An Insider’s Checklist for Selecting a Project Partner
In today’s market where transparency, tracking and validation are more important than ever – ensuring that your fluid handling supplier is with you for the long haul makes selecting the right vendor essential. Whether the development is an application prototype or a full-scale legacy device, choosing a company that will be around for the life cycle of the project can be made simpler by proper vetting and evaluating of these qualifications.
Applications Expertise: Does the supplier have local, knowledgeable, subject material experts who understand the application? For an OEM who has limited time and money, the vendor truly must have all three. Most OEMs can’t afford to wait for technical experts to come back from vacation, manage time zone changes, or deal with salespeople who don’t have the technical expertise or desire to answer project questions on the spot.
Manufacturing & Product Development Engineering Talent: Is the supplier considered world class in both manufacturing and product design? This is a binary question. Simply put, OEMs can’t afford for instruments or medical devices to fail in the field. There is zero room for error. Diagnostic tests can’t work 90% of the time and medical devices can’t fail 5% of the time. The valve, pump, manifold, sensor or whatever it may be has to work and has to work every time. The integrity of your brand as well as the future of your company demand perfection in the quality and robustness of every product used in the solution. If you are working with a market leader, you should see that company investing in new factories, hiring people, buying companies, and expanding their portfolio strategy. Developers need to work with vendors that continually invest in their own R&D as well.
Commercial Ethics: Does the supplier understand, agree to, and meet budgetary estimates? It happens time and time again – the project goes through validation, testing, and onto production. The vendor’s product is an essential part of the solution. When it comes time to place blanket POs, the supplier raises the price knowing you can’t change.

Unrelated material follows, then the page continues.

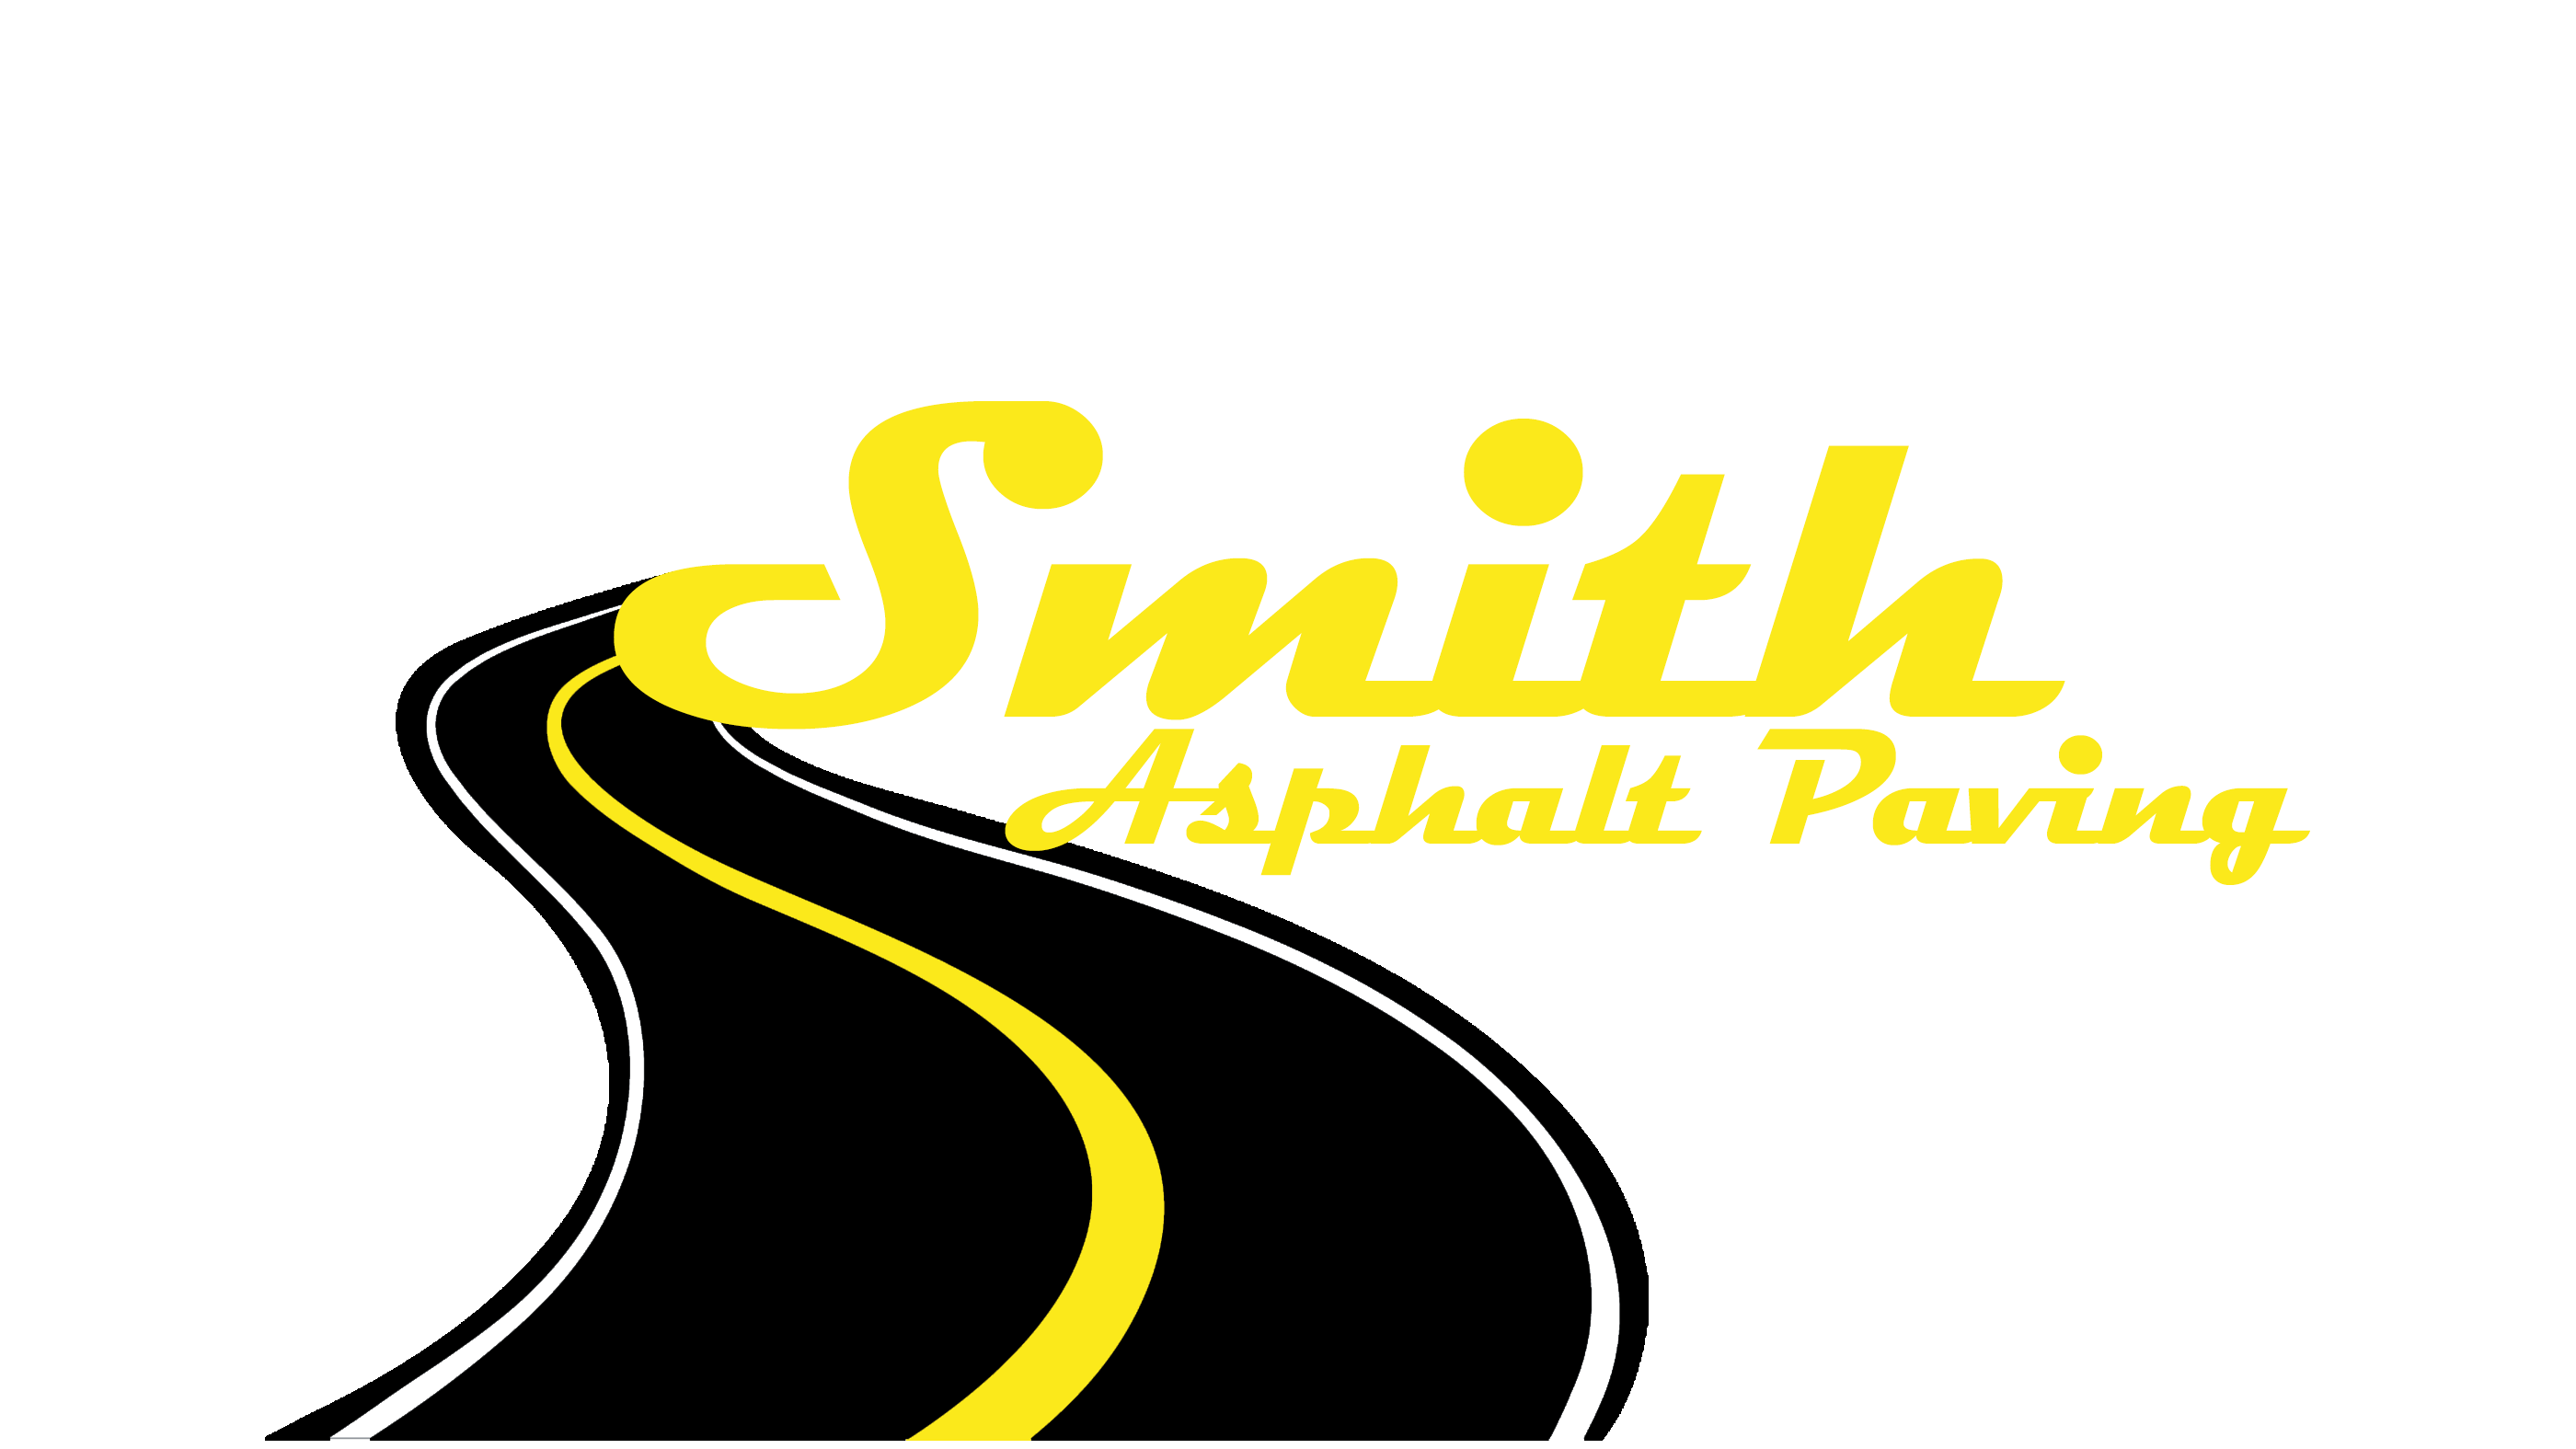 Smith Asphalt Parking Lot, Tar and Chip, and Driveway Paving

Global Supply Chain: Is the product available off-the-shelf locally in your country? The answer should always be yes. OEMs can never do iteration and DFX if they can’t try multiple parts until they have dialed in the right valve based on pressure, temperature, material of compatibility, and dead volume. It is far too common to see an OEM struggle because they have locked-in on a valve that doesn’t fully meet their application.
“You get what you pay for”. There really are plenty of ‘good’ fluidic suppliers out there, but many ‘bad’ project partner decisions come down to a single topic: price. There is no loyalty, no partnership, and often plenty of personnel turn over involved in the decisions that come down to price. Eventually that business which used to be a priority at the beginning is taken for granted.